The Cybersecurity and Infrastructure Agency (CISA) and Food and Drug Administration (FDA) have issued advisories to healthcare providers regarding a cybersecurity vulnerability affecting Illumina medical devices.
The FDA website released a statement on June 2nd warning laboratory personnel and healthcare providers of the the cybersecurity vulnerability associated with the Illumina software, which includes the Illumina NextSeq 550Dx, the MiSeqDx, the NextSeq 500, NextSeq 550, MiSeq, iSeq and MiniSeq, next generation sequencing instruments.
According to the statement, the cybersecurity vulnerability impacts the Local Run Manager (LRM) software and could allow unauthorized users to exploit the vulnerability by taking over instrument controls remotely and accessing the system to alter settings, configurations, software or data on the instrument or customer’s network.

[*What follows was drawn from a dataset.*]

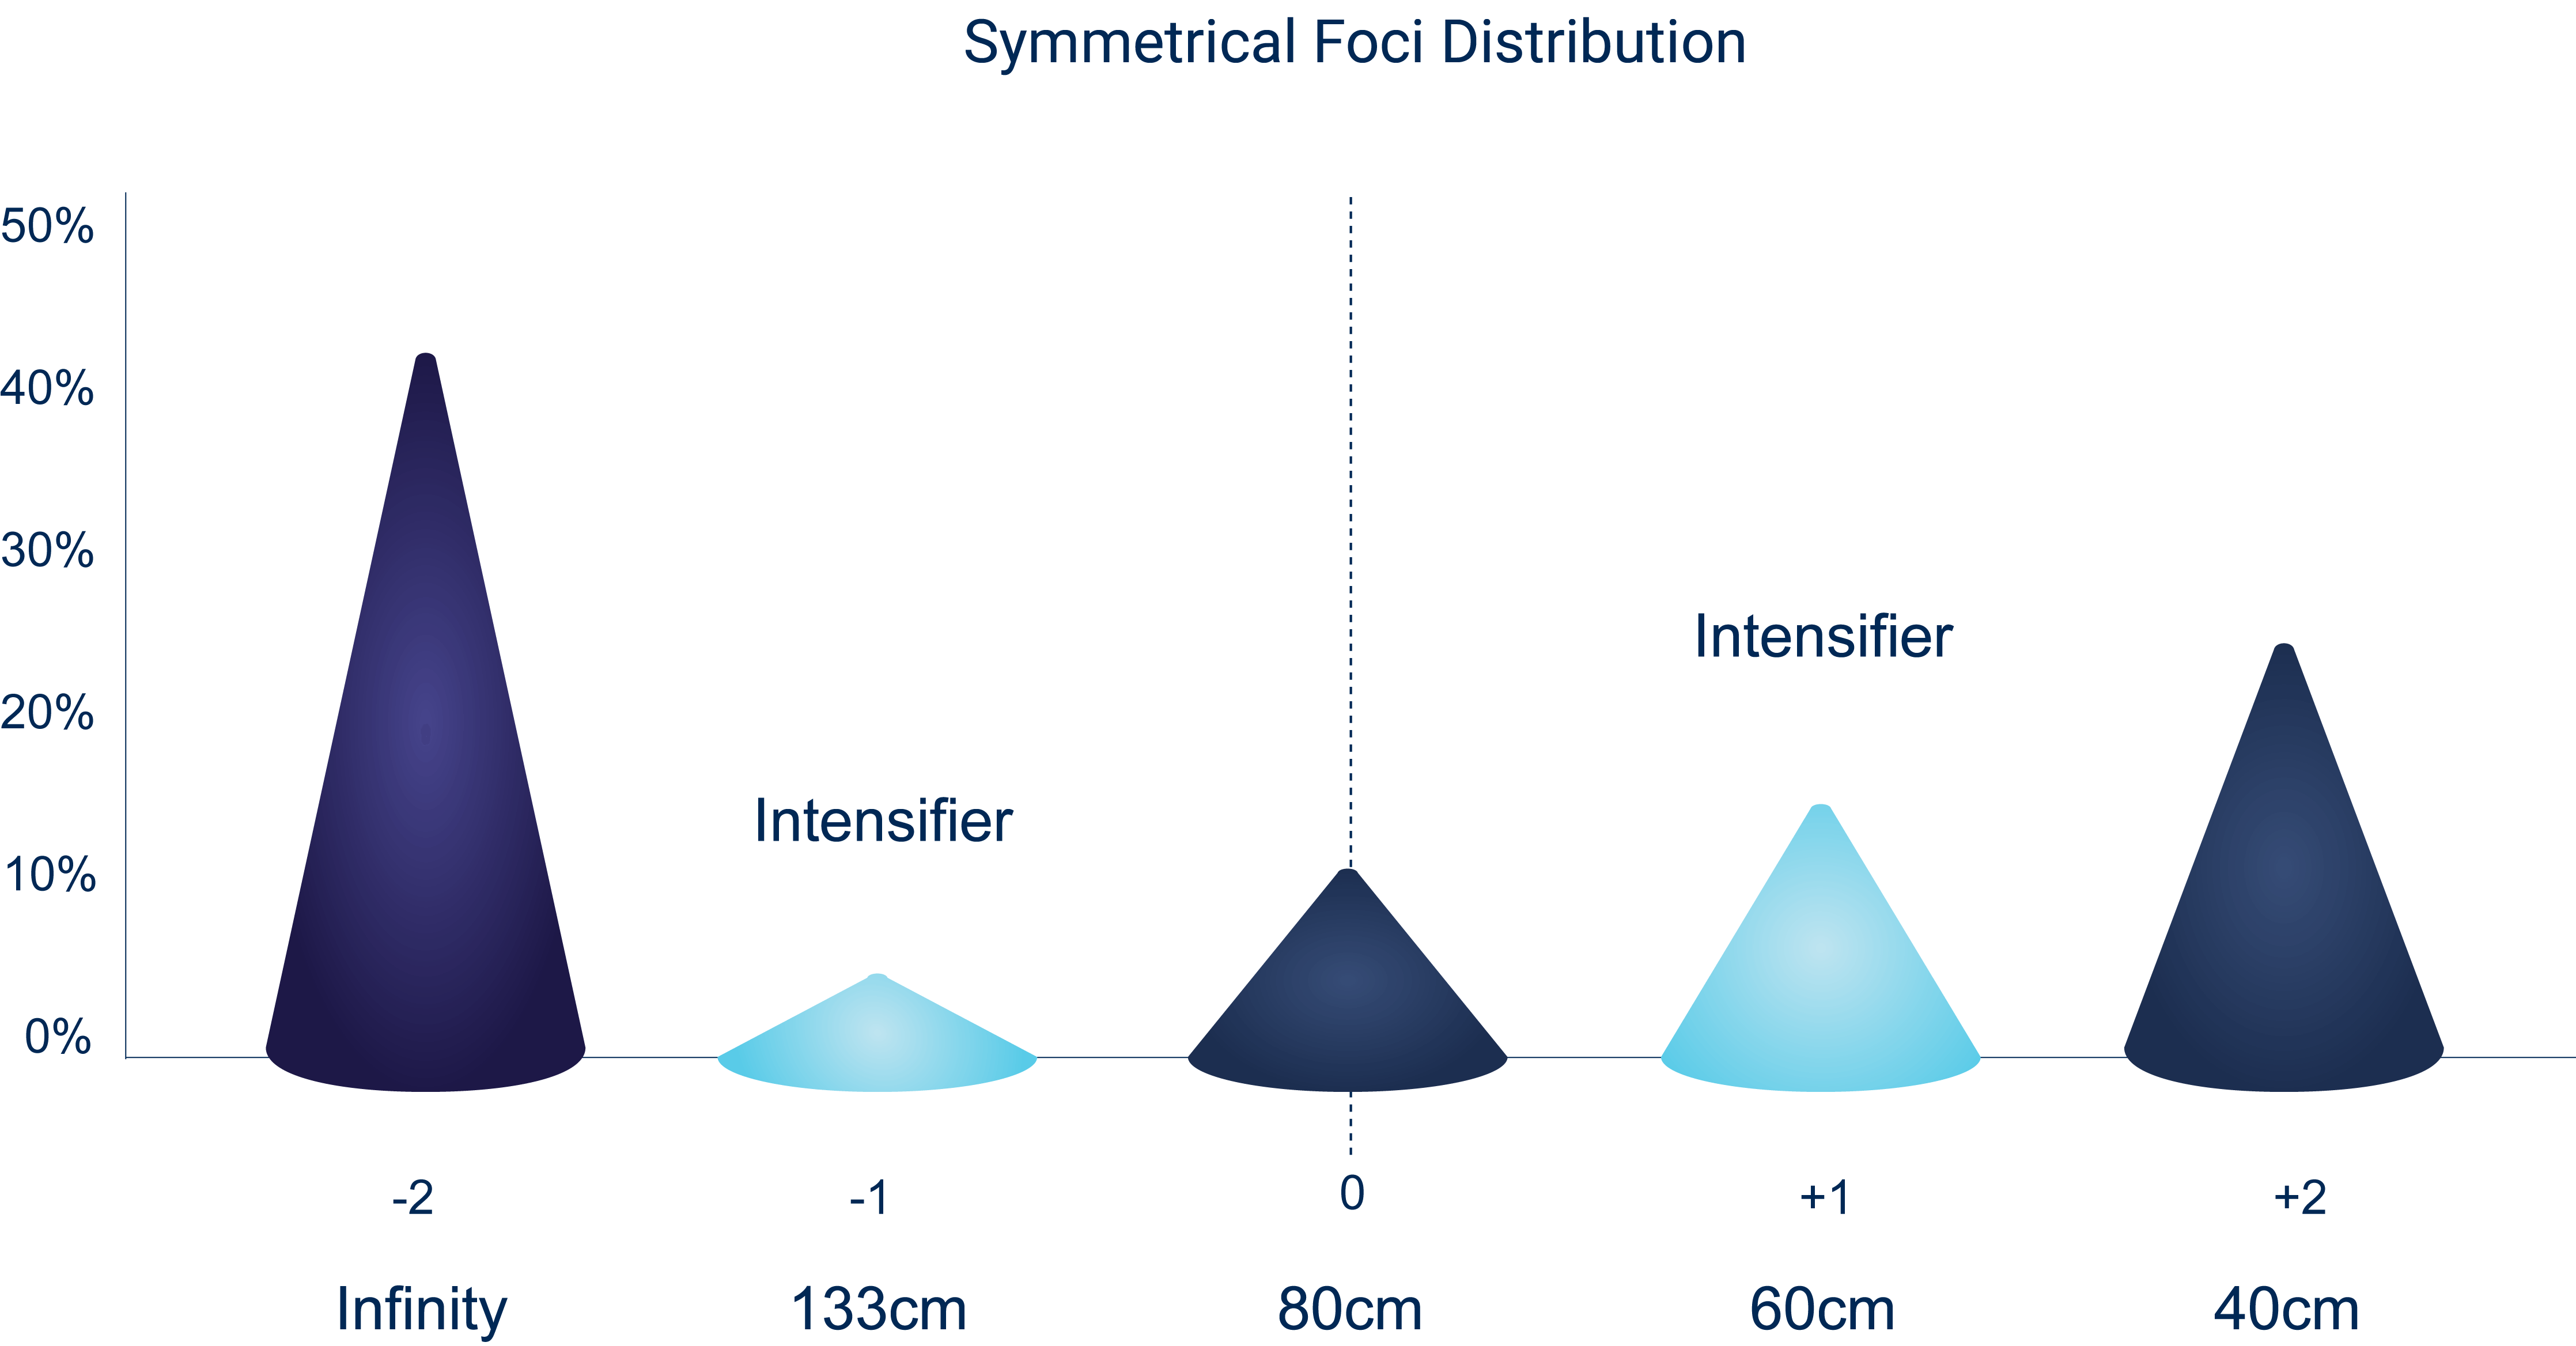 Symmetric foci distribution

The vulnerability may also allow unauthorized users to alter the instruments intended for clinical diagnosis, including causing the instruments to produce incorrect or no results, altered results, or even a potential data breach.
The CISA ICS Advisory (ICSA-22-153-02) provides a more technical overview of the vulnerability, including a detailed list of the affected products outlined below.
The following devices and instruments using LRM software are affected:
Review the Urgent Safety Notification or Product Quality Notification (for RUO Customers) sent by Illumina on May 3, 2022, to affected customers. If you did not receive a notification from Illumina, but believe you should have, please contact [email protected].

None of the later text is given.